Letting the users find the bugs costs time - you have to talk to the user, replicate the bug report, find the failure, fix it, and then release. Finding that same bug 2 minutes after you wrote it (and before it got released) is massively quicker.

This feels like one of those "write code 16 hours a day to make more progress!" things that experience has taught me just doesn't work in practice. I feel like I'm making a lot of progress, but after about 10 hours most of the code I write is pure shite and needs to be rewritten the next day. I've found that it's actually way faster to quit coding after 8-10 hours rather than spend 2 hours the next day rewriting everything I wrote in the last 6 hours the day before.




> finding that same bug 2 minutes after you wrote it (and before it got released) is massively quicker.

That's not realistic.

Your last paragraph about overwork seems unrelated to TDD dogma.


That's because I was relating my personal experience building MVPs rather than spouting TDD dogma.


Tests cost money up front. Can you pay for those tests?
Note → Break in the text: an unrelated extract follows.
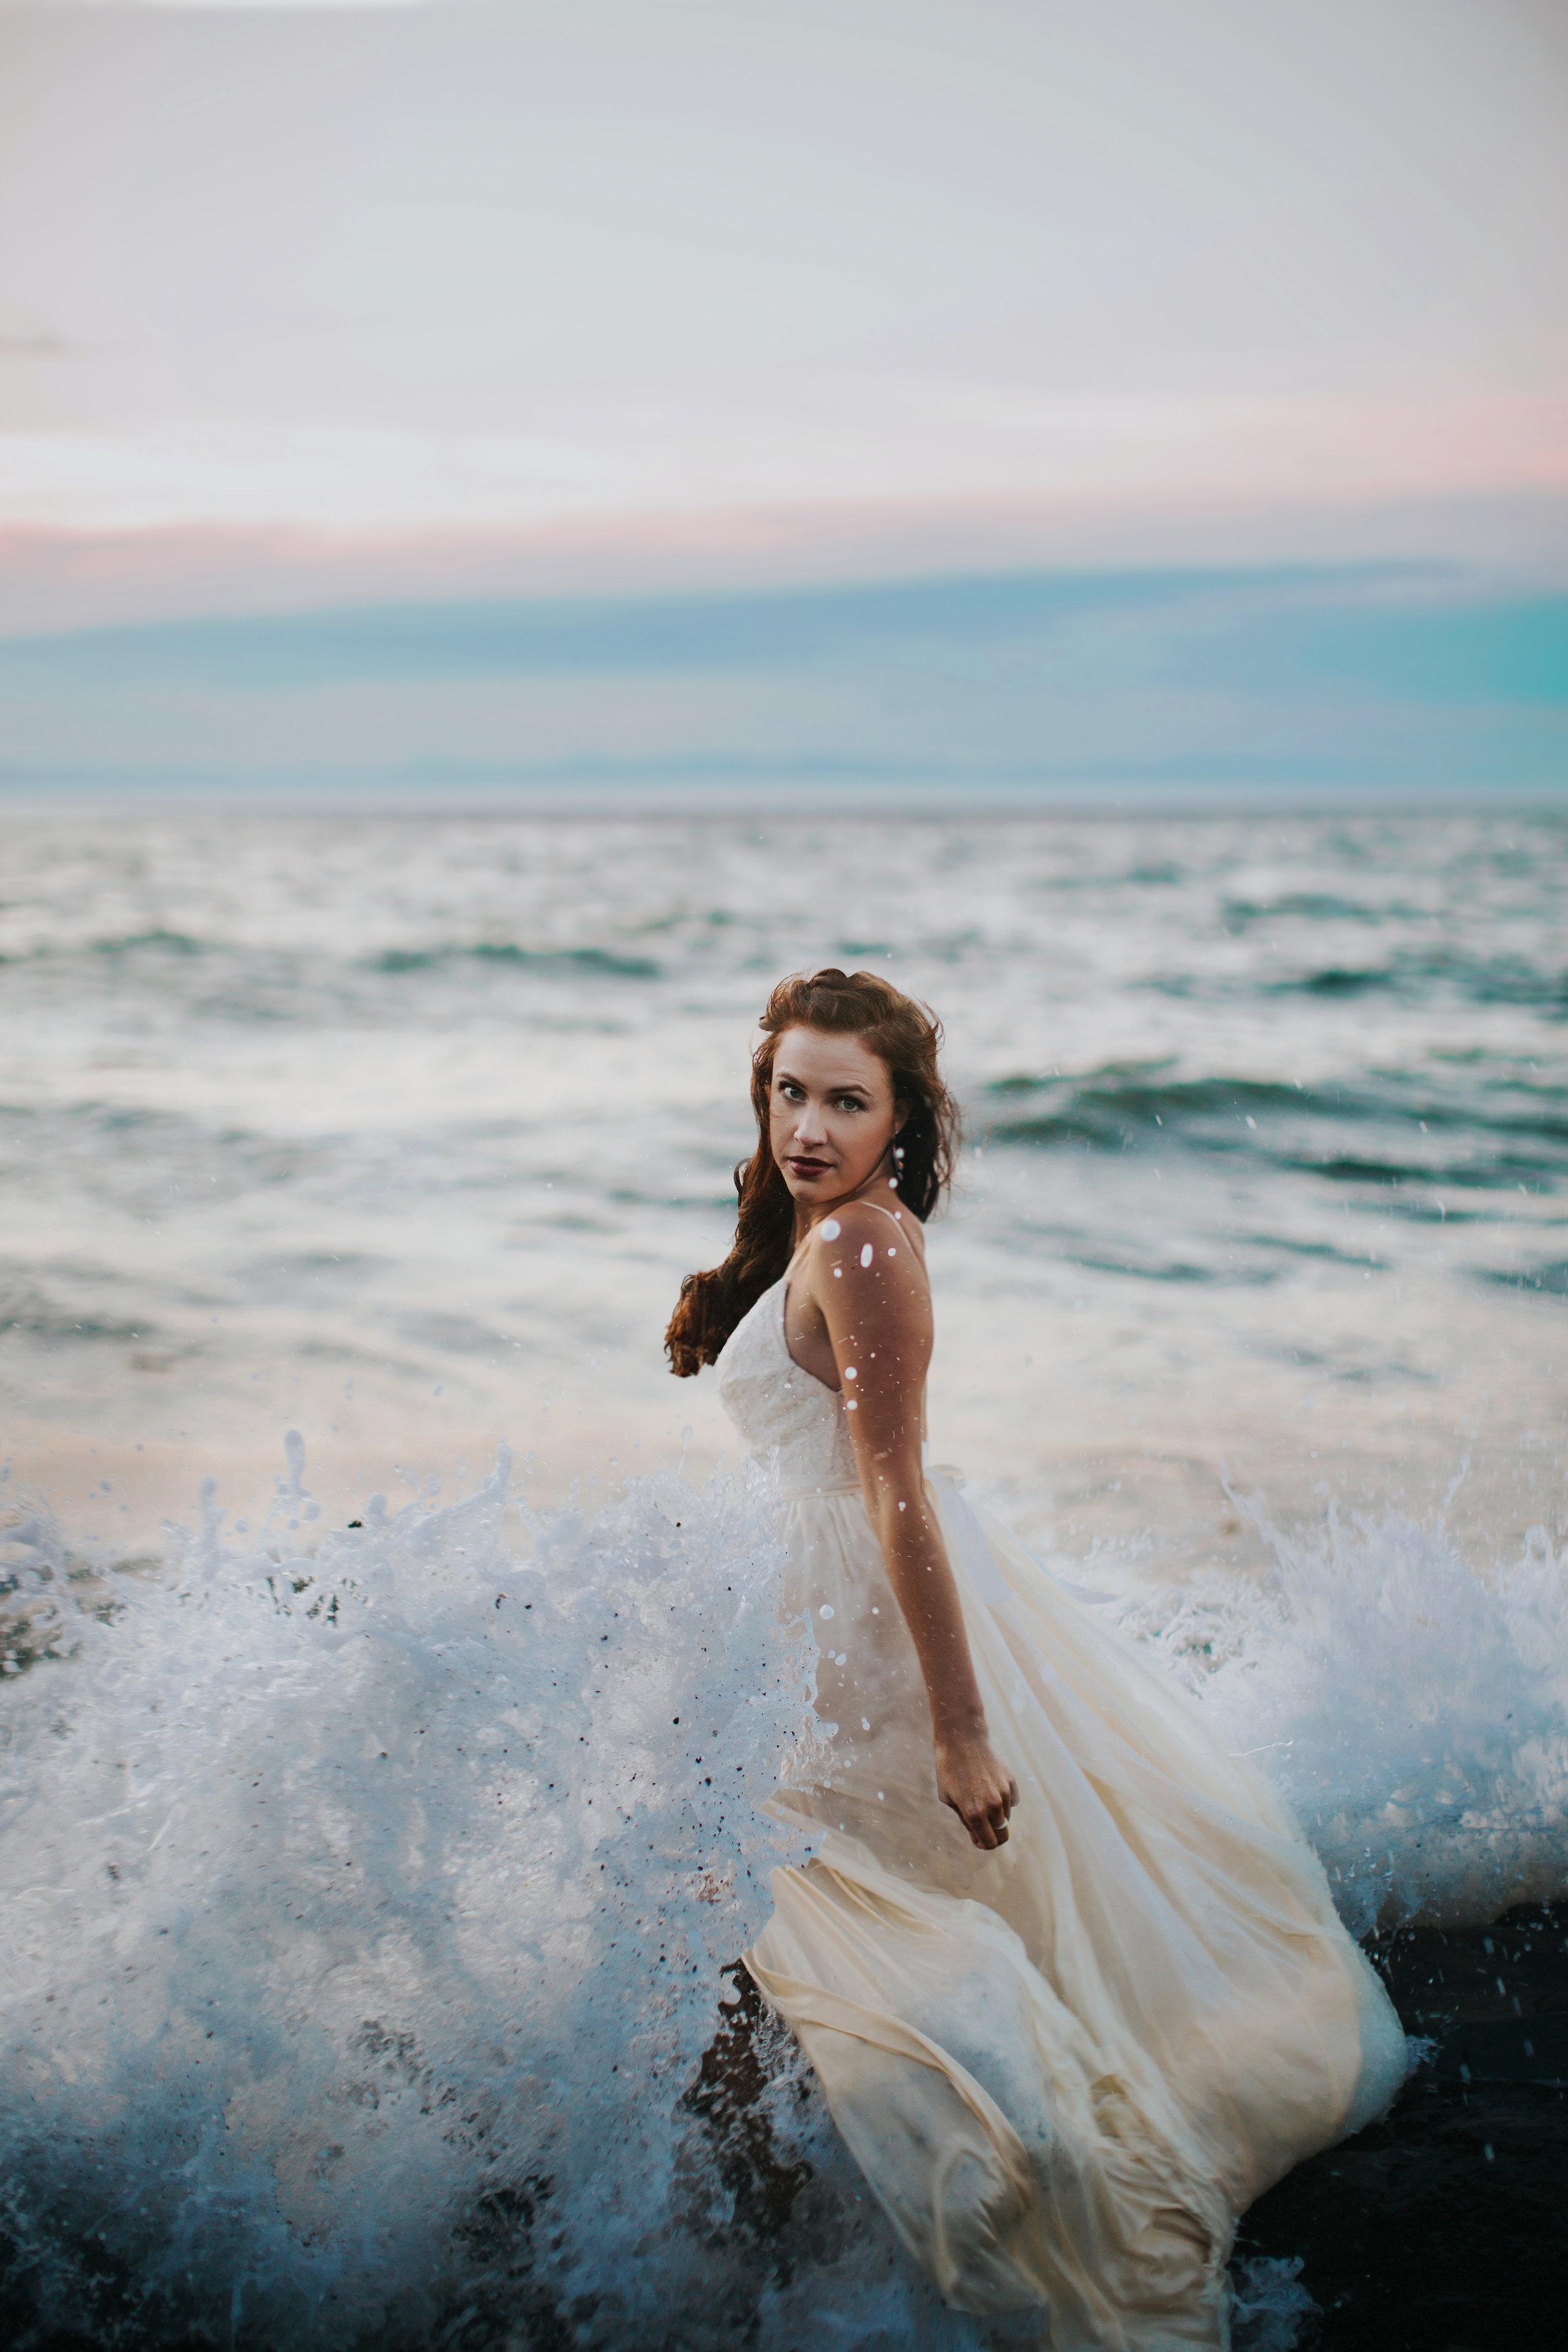 Port-Angeles-Photographer-Olympic-Peninsula-Wedding-Ediz-Hook-bride-dress-Kayla-Dawn-Photography-Olympic-Peninsula-PNW-Photographer-Portrait-Portraiture-Natural-Golden-Hour-Beach (17).jpg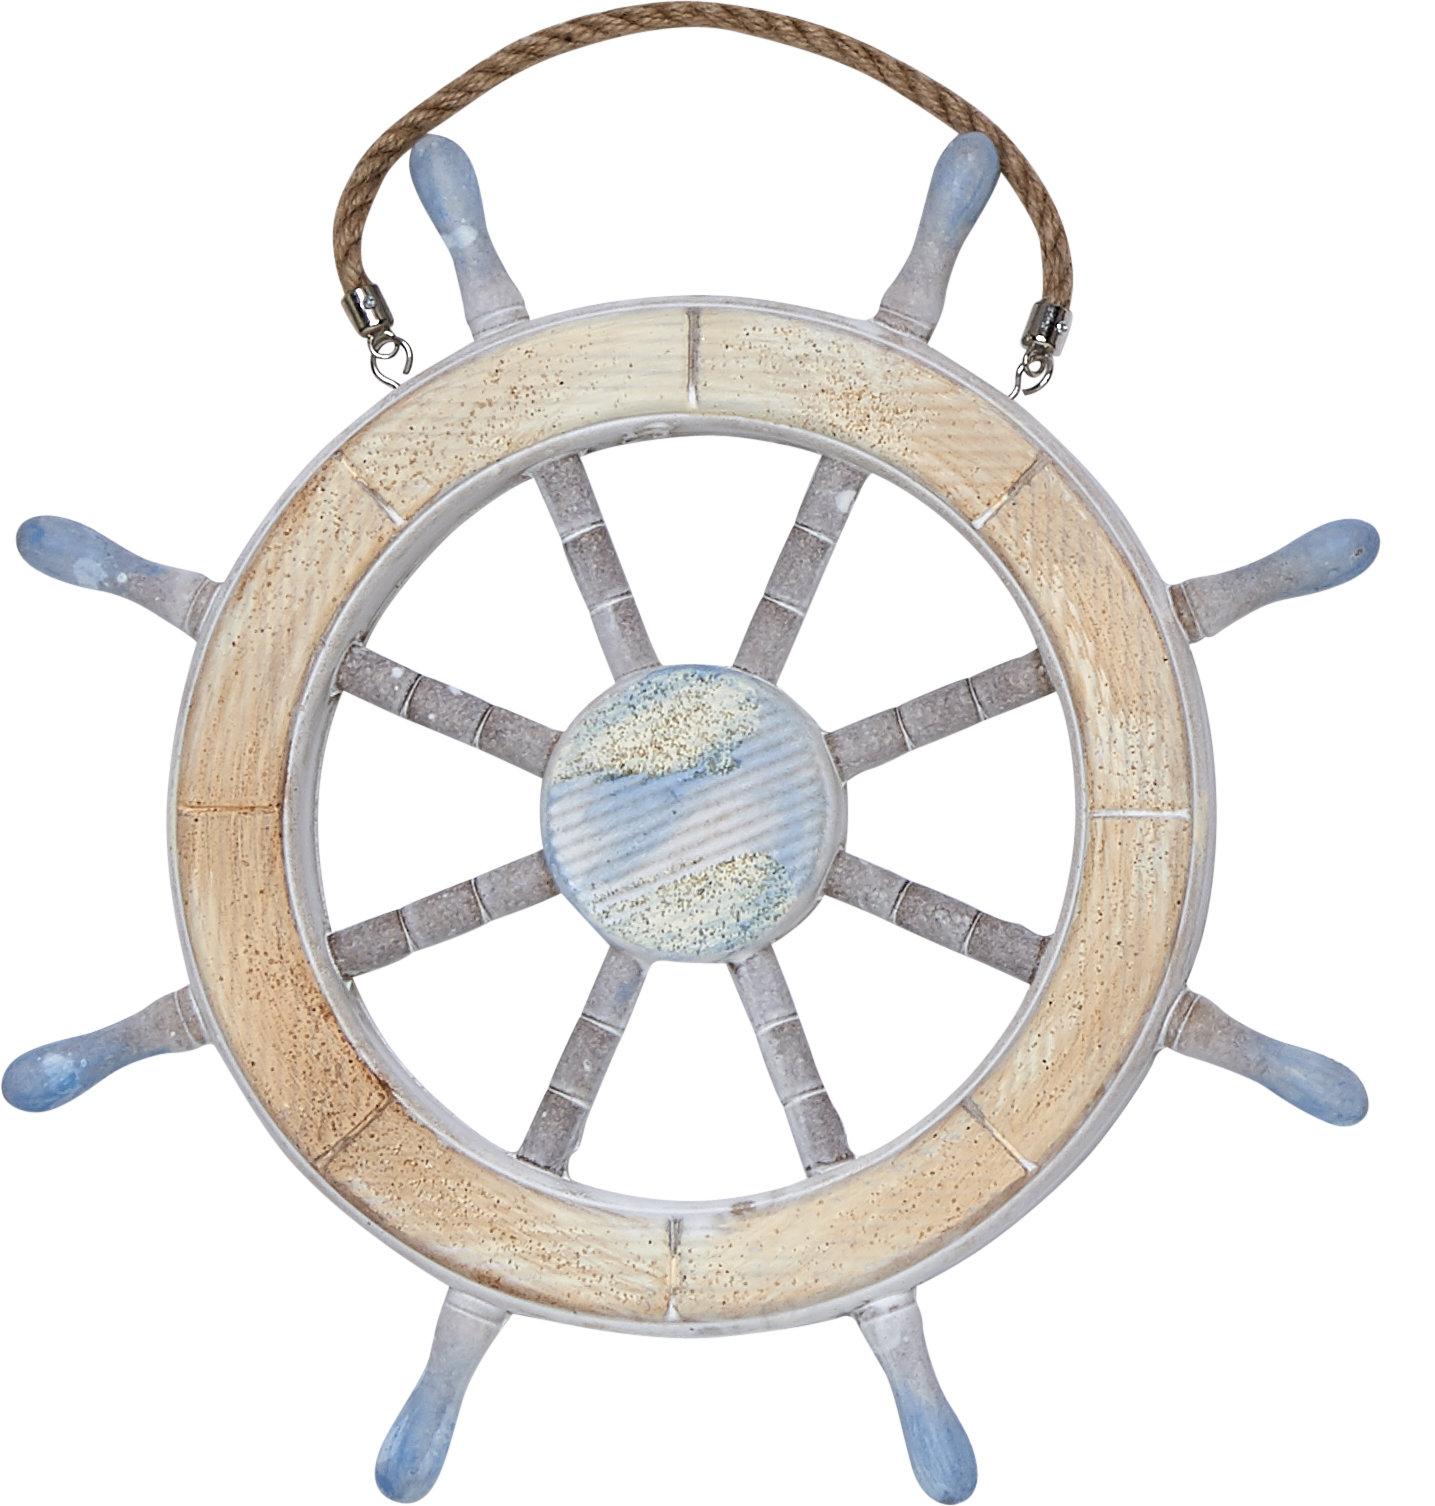 Captains Wheel Wall Decor | Wayfair with regard to 4 Piece Handwoven Wheel Wall Decor Sets (Image 10 of 30)

You said you will pay for it in decreased costs once the business is running well.

Ok but how confident are you that your business will work out?

1%? you just increased your project costs 100 fold by doing tests.

50%? you just doubled your project costs by doing tests.

100%? Ok you are saving money, but if you are that confident then why haven't you gotten investors aboard that are convinced that doing it well from the start is a business edge?